**Data block:**
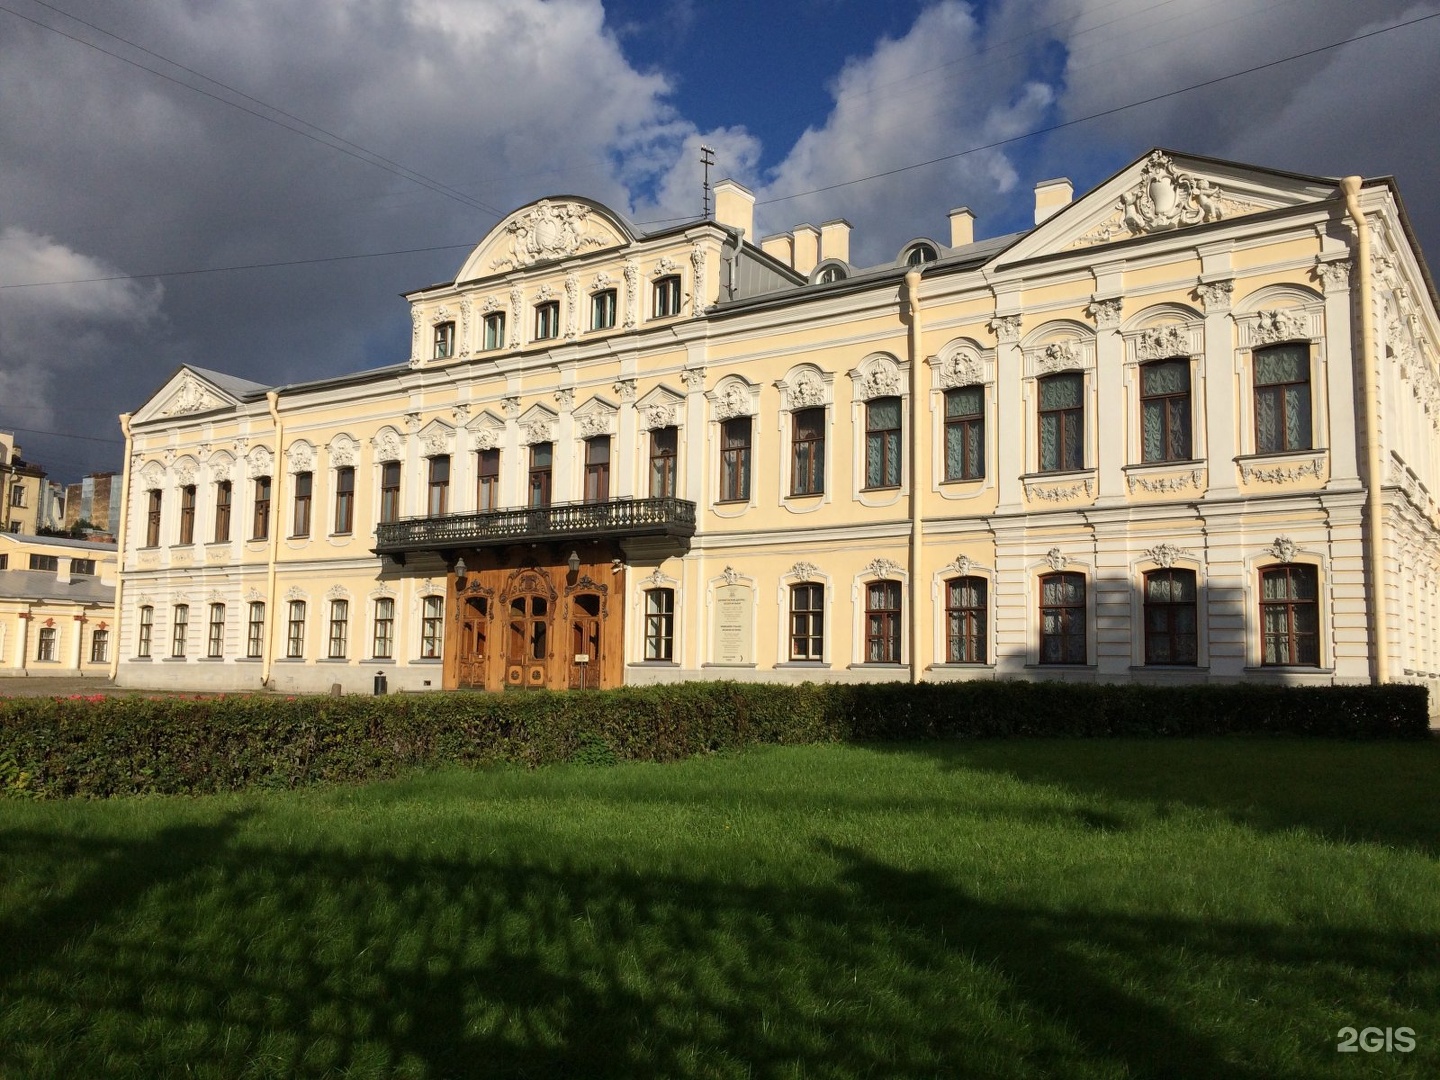 Шереметьевский дворец в санкт петербурге официальный сайт
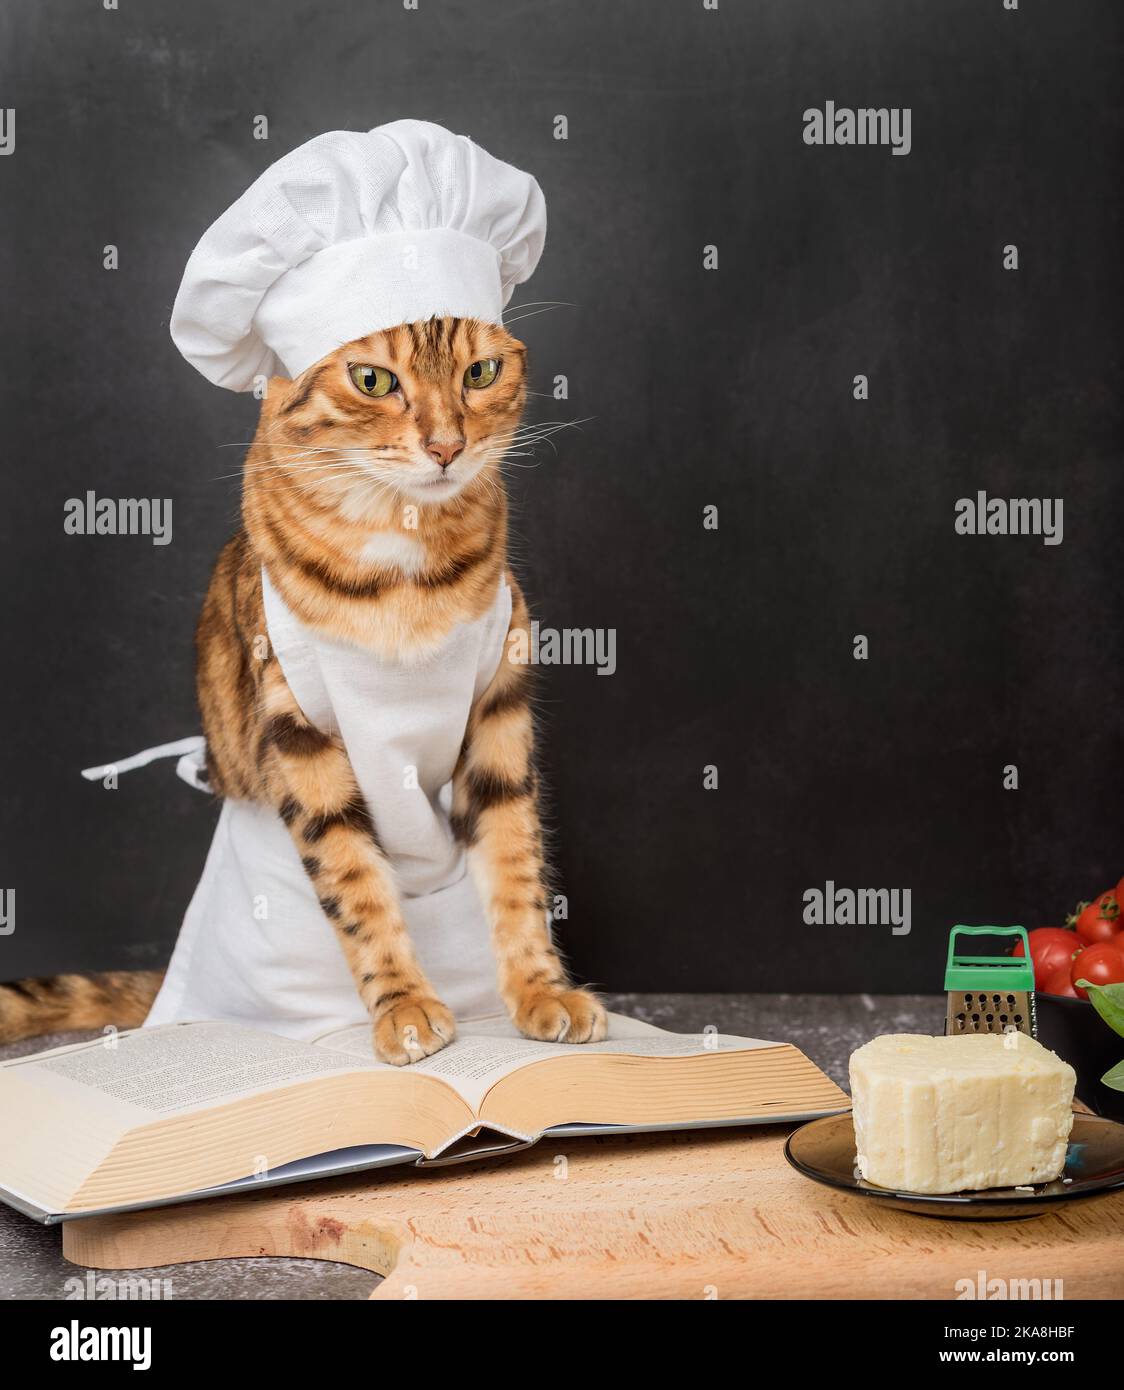 Un jeune chat domestique dans un tablier lit un livre de recettes sur un fond sombre. Banque D'Images
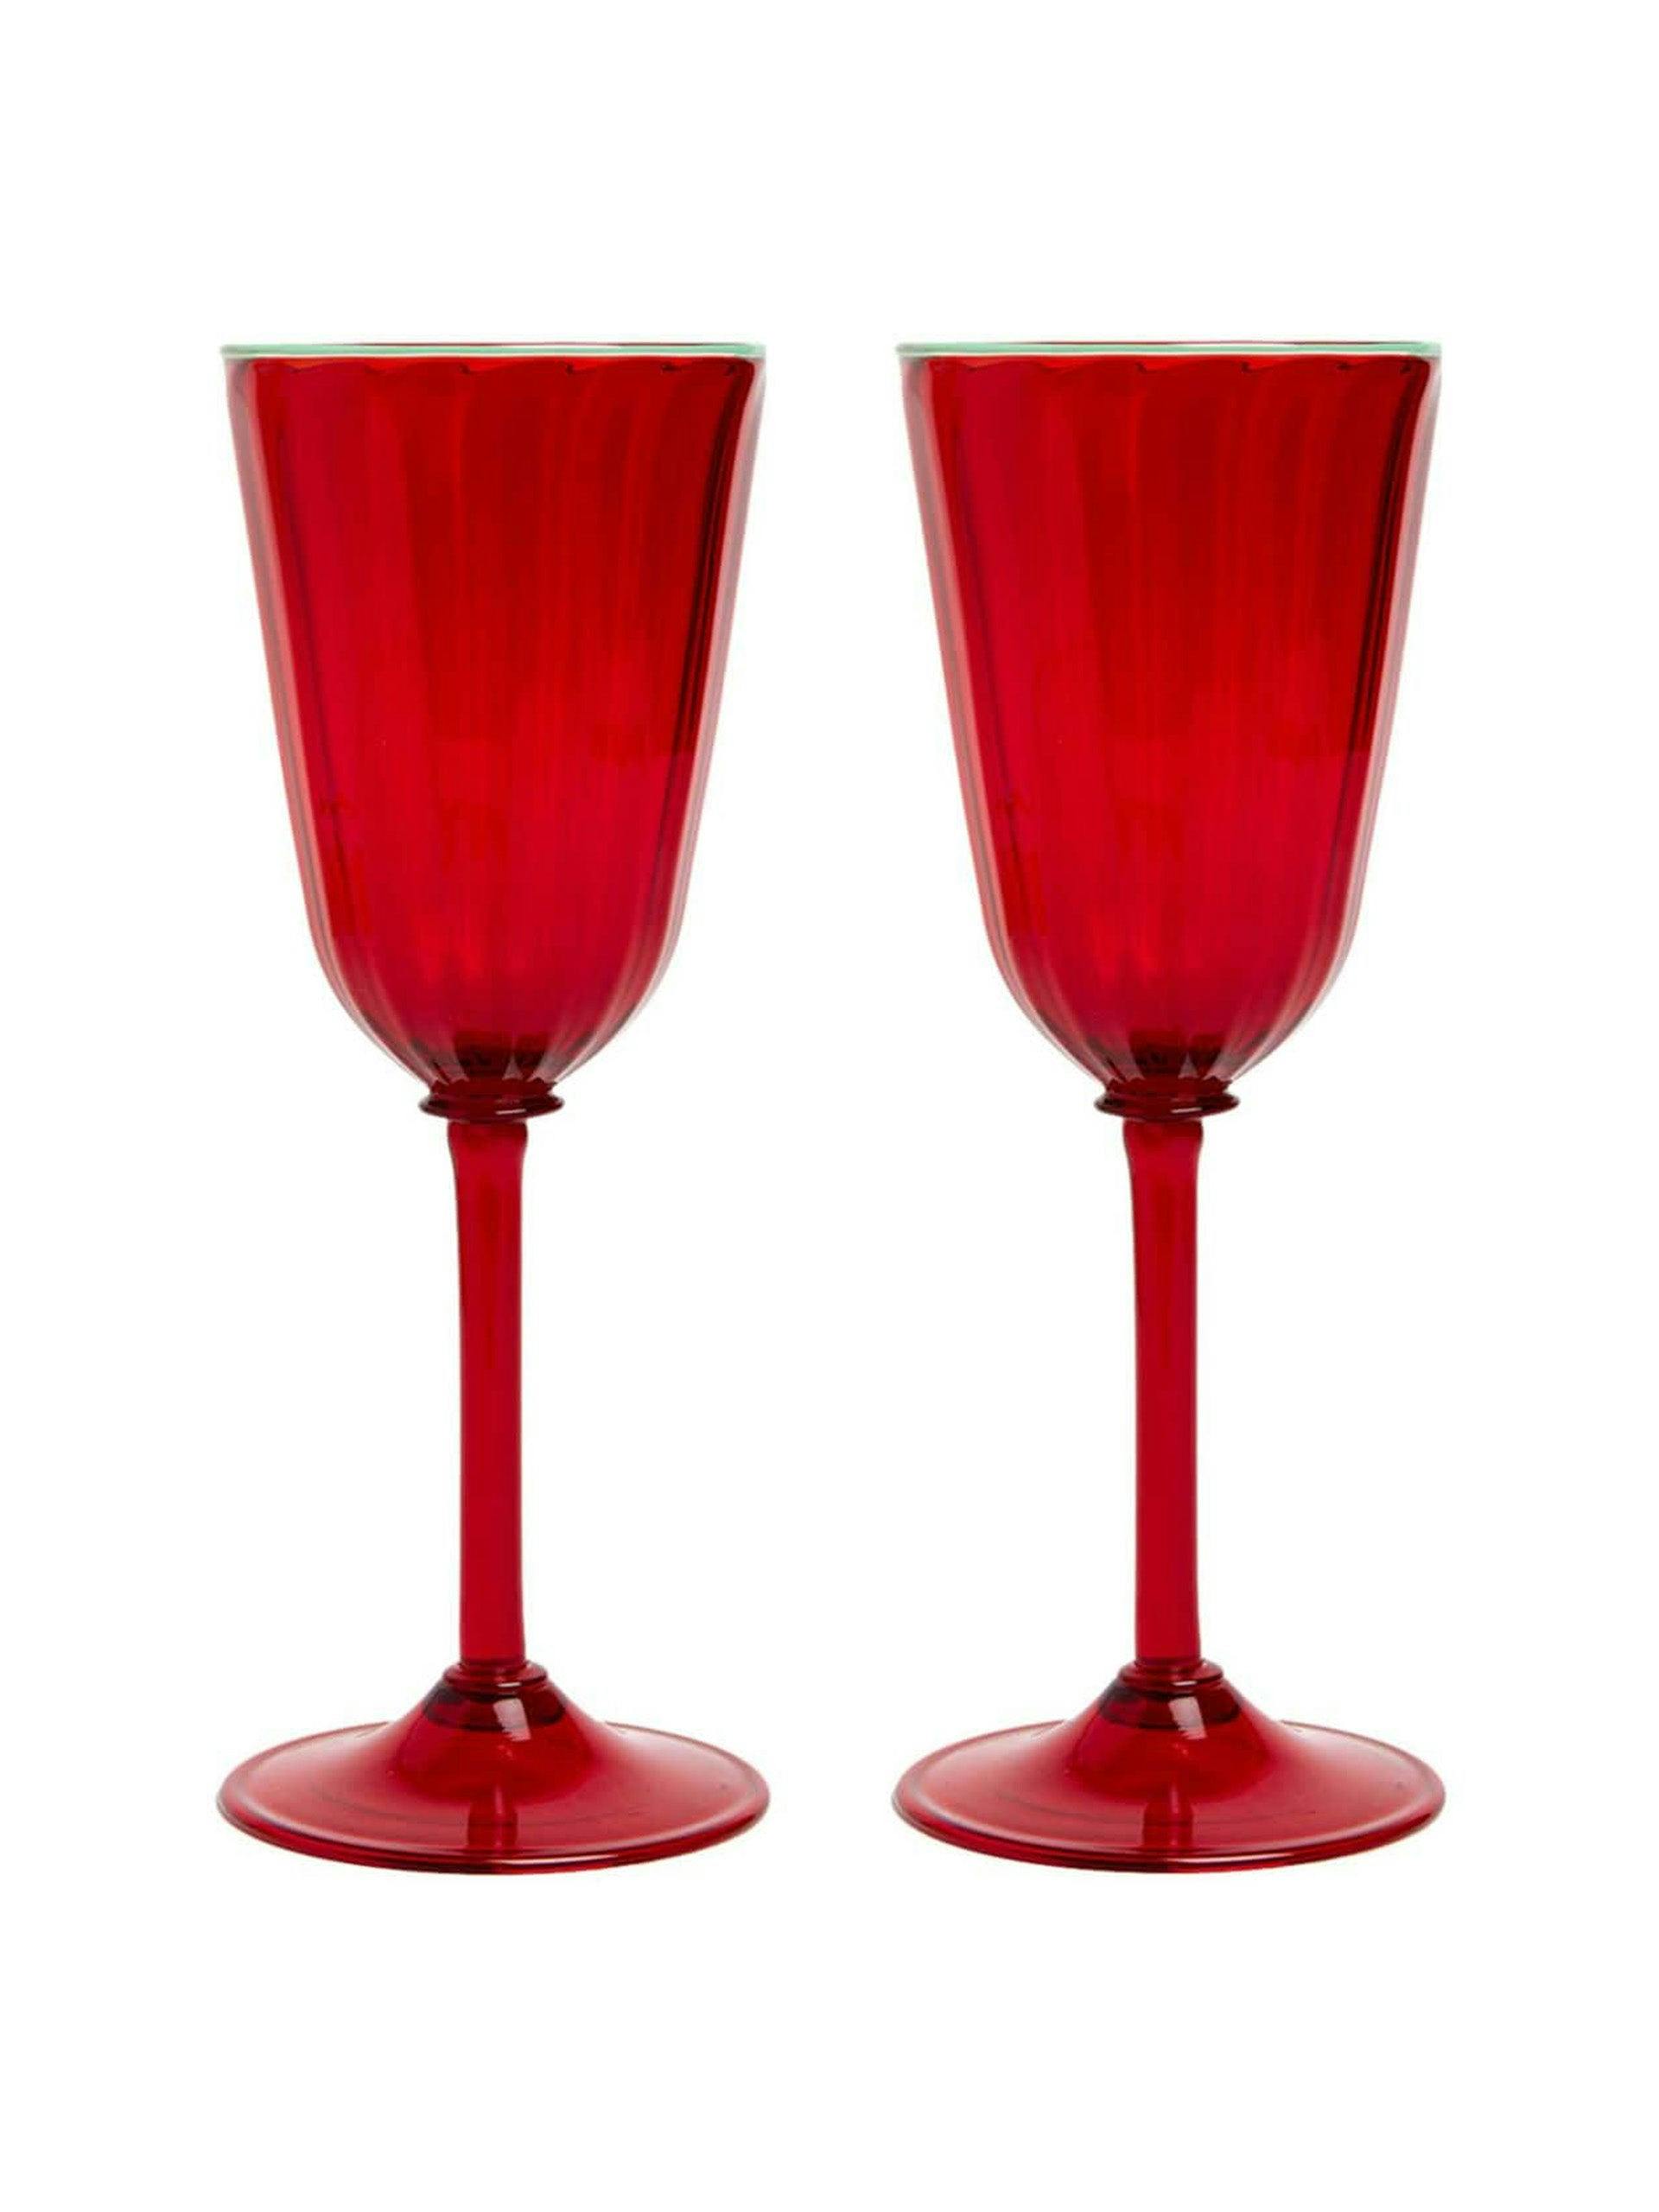 Rainbow wine glasses (set of 2)

**Problem to work on:** Any picture in the data is to be skipped, while each line is returned exactly as written.

**Solution for this exercise:**
 Шереметьевский дворец в санкт петербурге официальный сайт
 Un jeune chat domestique dans un tablier lit un livre de recettes sur un fond sombre. Banque D'Images
 Rainbow wine glasses (set of 2)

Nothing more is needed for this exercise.